In the SURMOUNT-1 clinical trial, tirzepatide at its highest dose (15 mg weekly) produced mean weight loss of 22.5% over 72 weeks in participants with obesity but without diabetes — the highest weight loss achieved by any anti-obesity medication in pivotal trials at the time. Participants in the SURPASS trial program for type 2 diabetes also showed superior HbA1c reductions compared to semaglutide 1 mg, with many achieving HbA1c levels below 5.7%, effectively reaching normoglycemia.

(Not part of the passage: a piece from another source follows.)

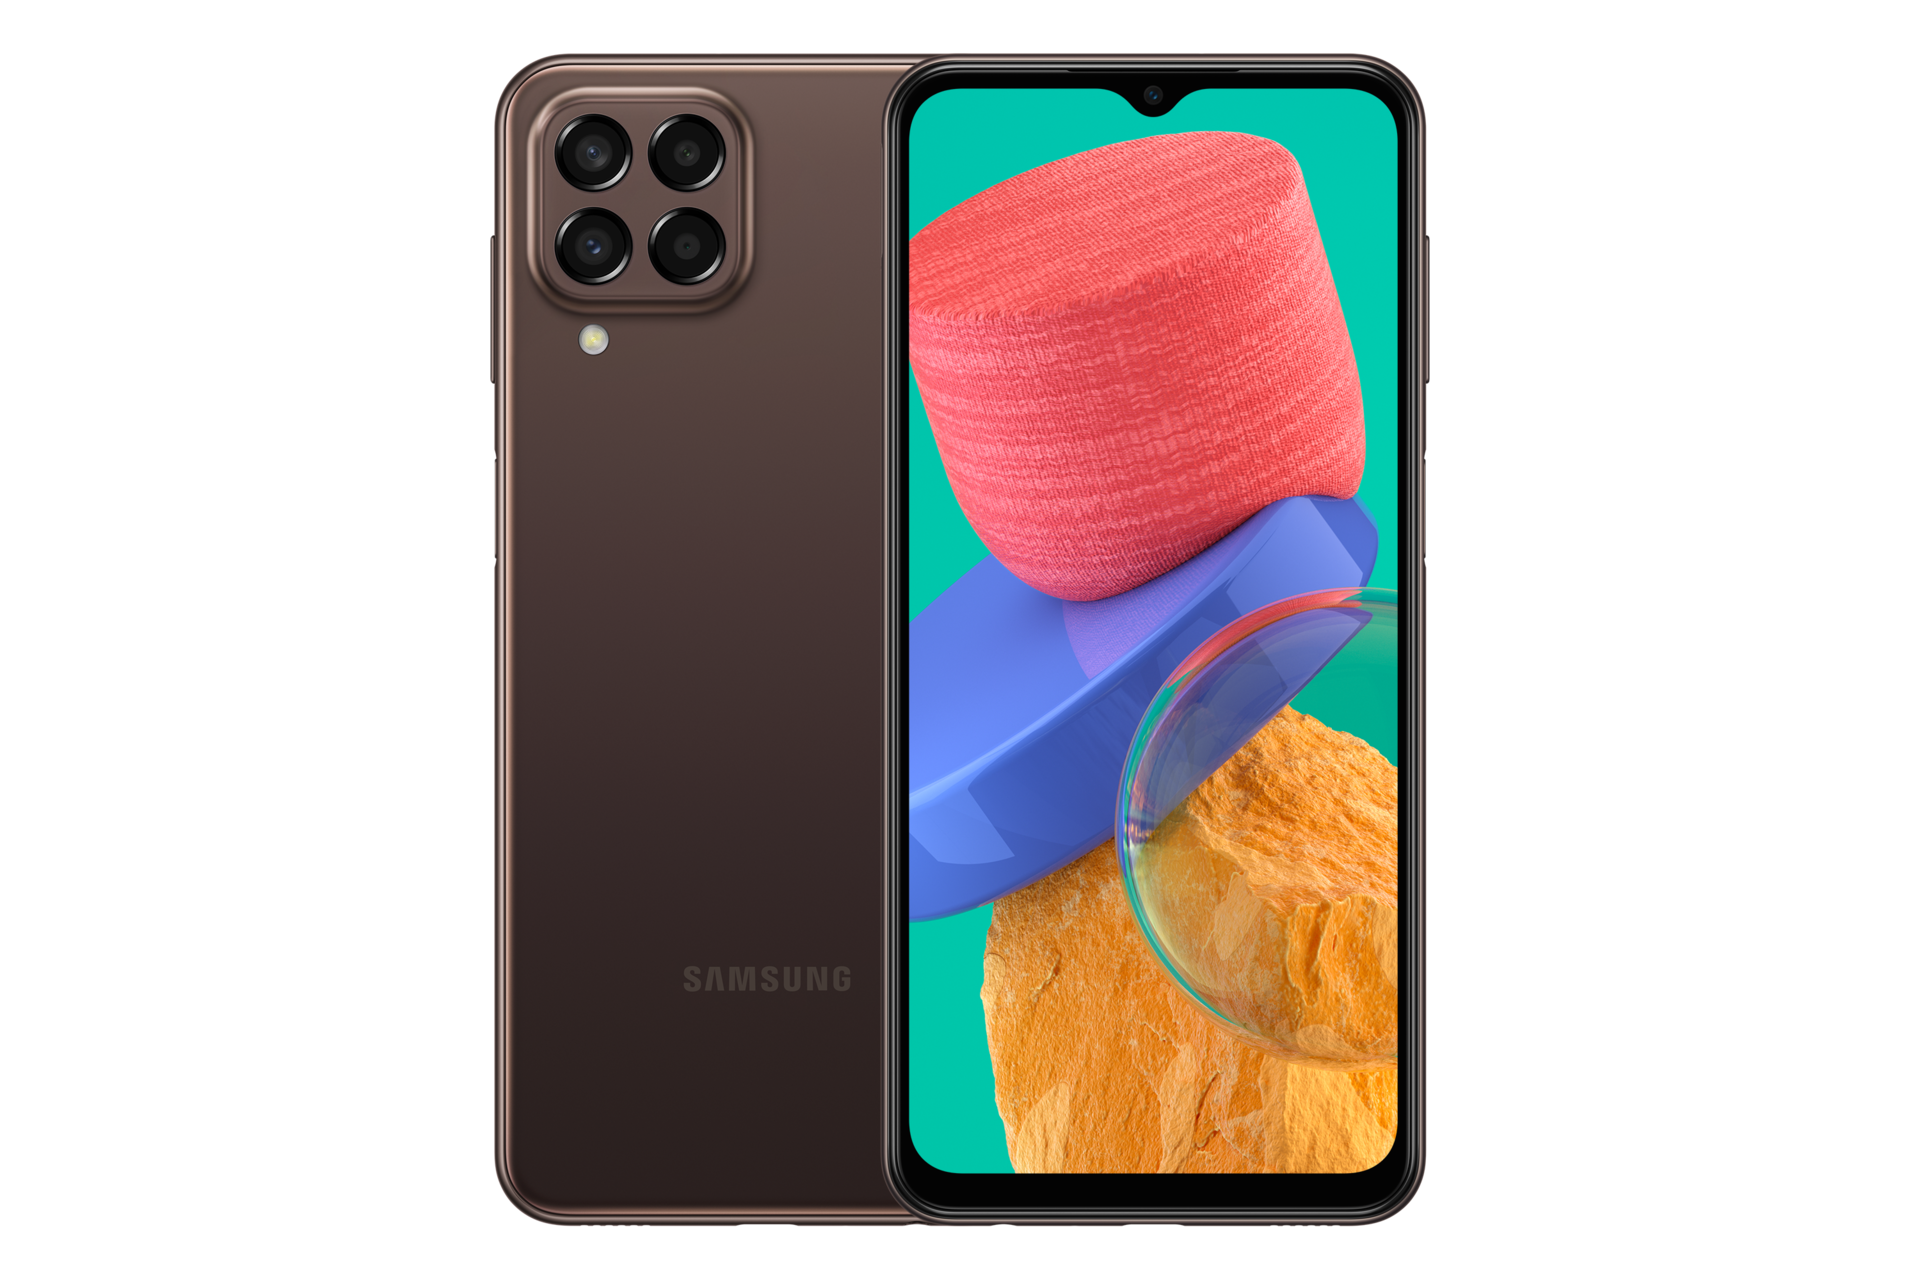 Bạn muốn sở hữu một chiếc điện thoại với tính năng 5G tuyệt vời? Samsung Galaxy M33 5G sẽ là sự lựa chọn tuyệt vời dành cho bạn. Với cấu hình mạnh mẽ, camera đẹp và nhiều tính năng thông minh, bạn sẽ không bao giờ hối hận khi sử dụng chiếc điện thoại này. Hãy cùng khám phá và trải nghiệm Samsung Galaxy M33 5G.

The mechanism by which GIP receptor agonism contributes to weight loss was initially surprising to researchers, as GIP was historically considered an obesogenic hormone. Current understanding suggests that at pharmacological levels, GIP receptor activation in the brain may complement GLP-1 effects on appetite suppression, while also improving lipid metabolism and fat distribution. Tirzepatide has also shown favorable effects on cardiovascular risk factors including blood pressure, triglycerides, and inflammatory markers.
Tirzepatide is marketed as Mounjaro for type 2 diabetes and Zepbound for chronic weight management. Like semaglutide, it has experienced enormous demand and periodic supply constraints. Ongoing research is evaluating tirzepatide for heart failure with preserved ejection fraction, obstructive sleep apnea, NASH, and other obesity-related conditions.